Public Advocate of Maine
- Incumbent
- Assumed office May 2017
- Appointed by: Paul R. LePage
- Preceded by: Timothy Schnieder

Member of the Maine House of Representatives from the 133rd district
- In office December 5, 2012 – December 3, 2016
- Preceded by: Donald Pilon
- Succeeded by: Ralph Chapman

Member of the Maine Senate from the 5th district
- In office December 1, 2004 – December 5, 2012
- Preceded by: Dennis Damon
- Succeeded by: Linda Valentino

Member of the Maine Senate from the 31st district
- In office December 7, 1988 – December 5, 1990
- Preceded by: John M. Kerry
- Succeeded by: Charles E. Summers

Member of the Maine House of Representatives from the 119th district
- In office 1972 – December 5, 1984
- Succeeded by: John N. Diamond

Personal details
- Born: May 17, 1951 (age 75) Biddeford, Maine, U.S.
- Party: Democratic
- Spouse: Donna Hobbins
- Education: University of Maine (BA) University of New Hampshire (JD)
- Occupation: lawyer
- Website: Barry Hobbins

= Barry Hobbins =

American politician

Barry J. Hobbins (born May 17, 1951) is an American lawyer, politician and is the current Public Advocate of Maine. A Democrat, he served in the Maine House of Representatives, representing part of Saco. As a State Senator, he represented several towns in York County, including Buxton, Dayton, Old Orchard Beach as well as Saco.
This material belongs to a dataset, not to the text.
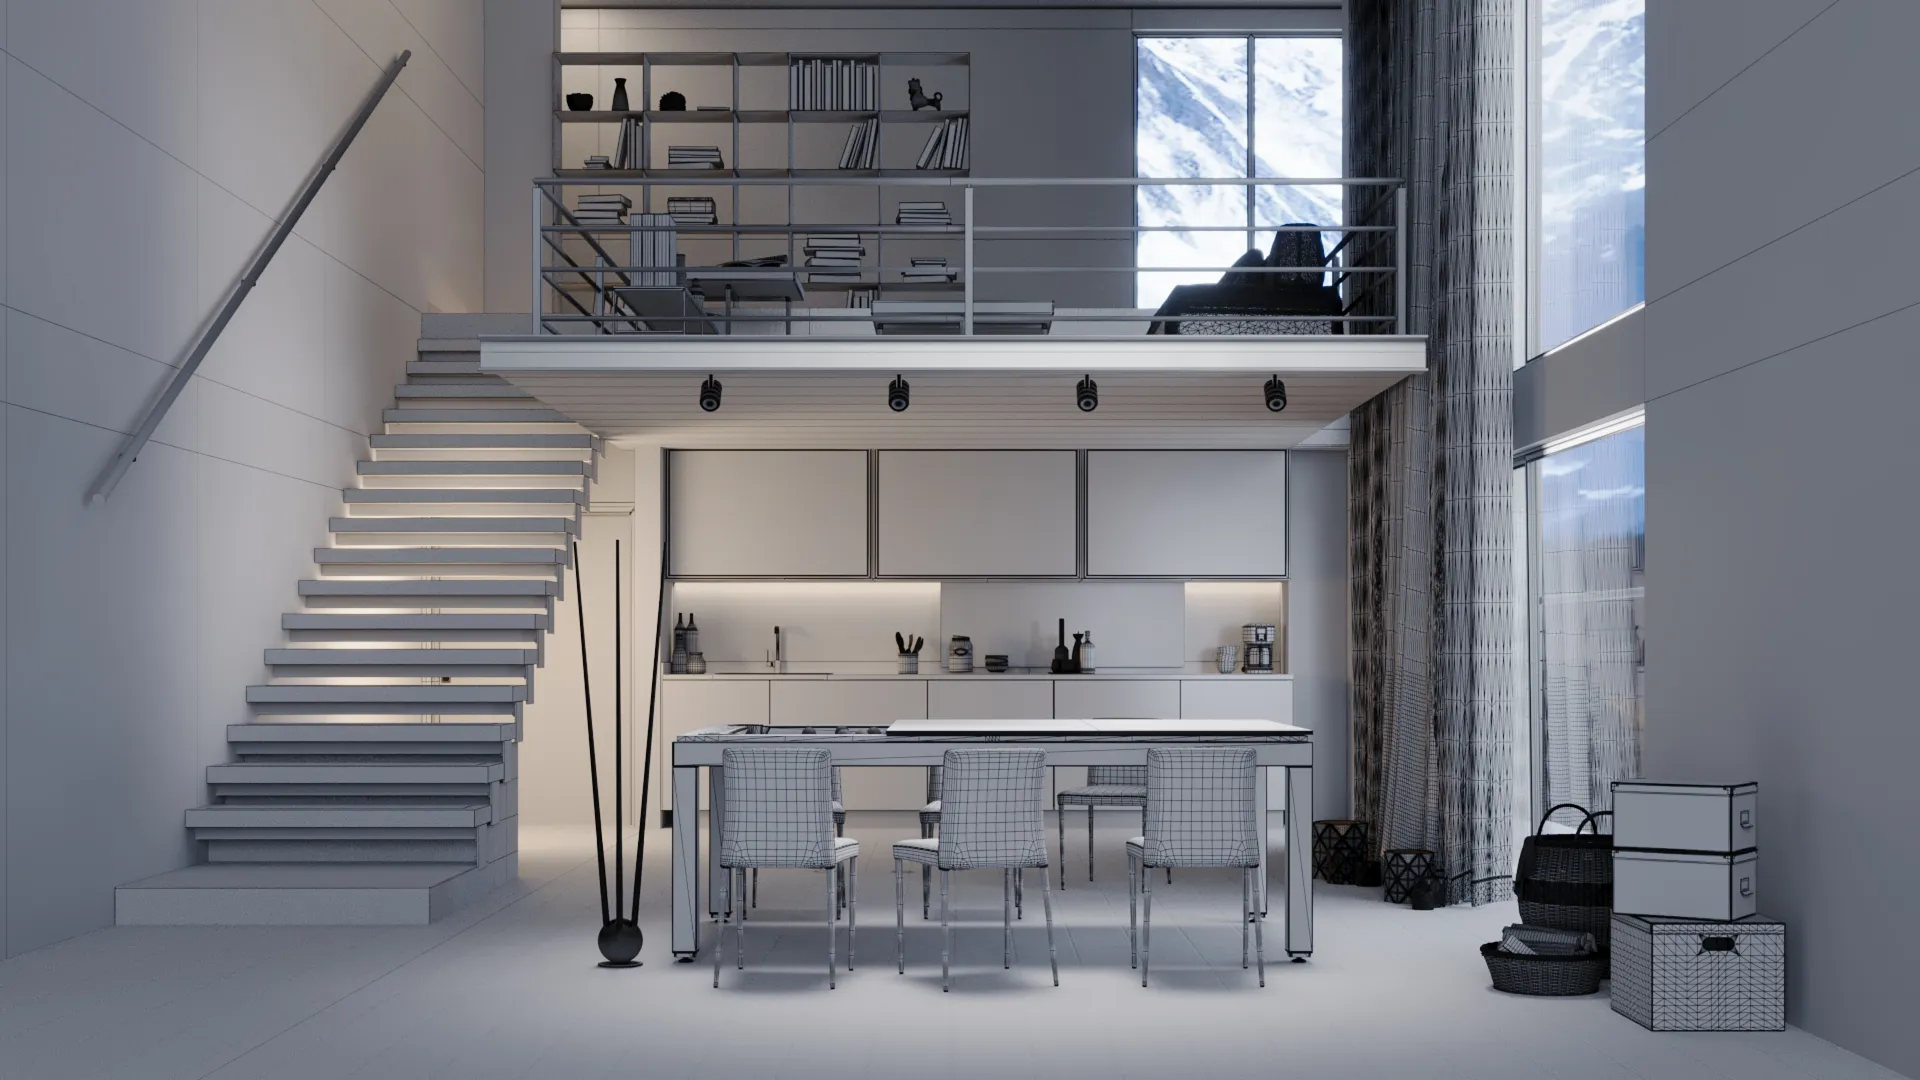 3D visualization of a sleek, white mountain loft kitchen with modern furnishings and alpine views, designed by CGVIZ Studio.

His election to the Maine House in 2012 came after serving for 8 consecutive years in the Maine Senate (2004-2012). From 2010 to 2012, Hobbins served as the Minority Leader of the Maine Senate.

Hobbins is a practicing attorney and law-firm partner in Saco. From 1988 to 2007, Hobbins served on the University of New England Board of Trustees.

==Biography==
Hobbins was first elected to the 106th legislature in 1972 at the age of 21. In 1973, he earned a BA from the University of Maine and, in 1977, a JD from Franklin Pierce Law Center. Hobbins was elected as a State Senator in 2004 and began his third term in 2010.

As an attorney, Hobbins served as chair of the Judiciary Committee in the State Senate and a member of the Utility and Energy Committee.

In April 2017, Hobbins was nominated by Gov. Paul LePage to serve as the State of Maine's next utility ratepayer advocate.